Jules: Nancy, what is it that you love about working in watercolors? And tell me about deciding to make these wonderful endpapers as you did. You could have put any number of things on them. I love them. (They are not pictured here, but that’s all the more reason for readers of this post to go get their hands on a copy of this book.)

Nancy: Funnily enough, I don’t like working with watercolors, but I love the spontaneous, clean, transparent effect of watercolor with pen and ink drawings. I’m not the masterful watercolorist I’d like to be, so instead I add layers of scanned watercolor washes to my drawings, using Photoshop. This gives me far more flexibility to change and undo color mistakes without ruining the pen lines.

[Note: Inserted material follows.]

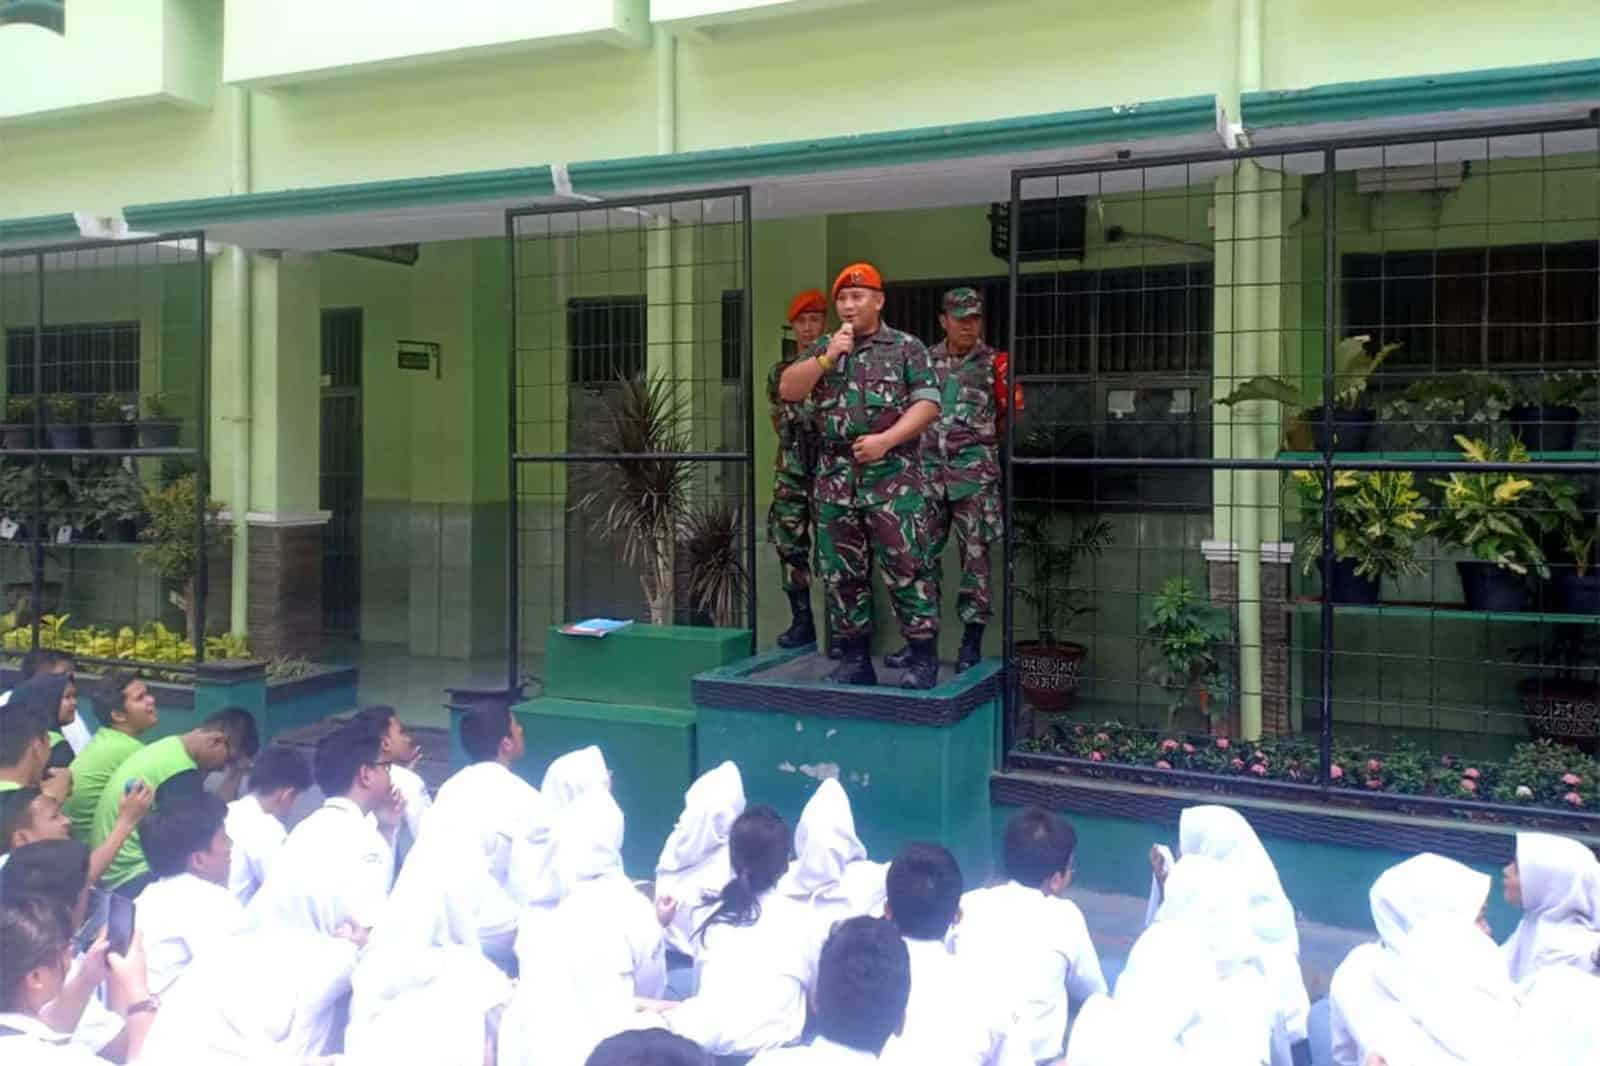 Satgas Pam Unras Yonko 462 Paskhas Melaksanakan Komsos di SMK Negeri 19 Jakarta Pusat

The endpapers were inspired by the engraving Monster Soup I mentioned at the beginning of our conversation. Early on in my sketching phase, I knew I wanted to include these funny, macabre river monster microorganisms somewhere, because they go so well with the skeletons. The endpapers became the perfect solution.

 



 

* * * * * * *

THE GREAT STINK: HOW JOSEPH BAZALGETTE SOLVED LONDON’S POOP POLLUTION PROBLEM. Text © 2021 by Colleen Paeff. Illustrations © 2021 by Nancy Carpenter. Published by Margaret K. McElderry Books, New York. All artwork here reproduced by permission of Nancy Carpenter. Photographs reproduced by permission of Colleen Paeff.





2 comments to “The Great Stink:
A Conversation with Colleen Paeff and Nancy Carpenter”

  1. Great interview and a fabulous book for all ages. A book that can be read to your children and generate discussion. Every time I look at the illustrations I see something that I missed!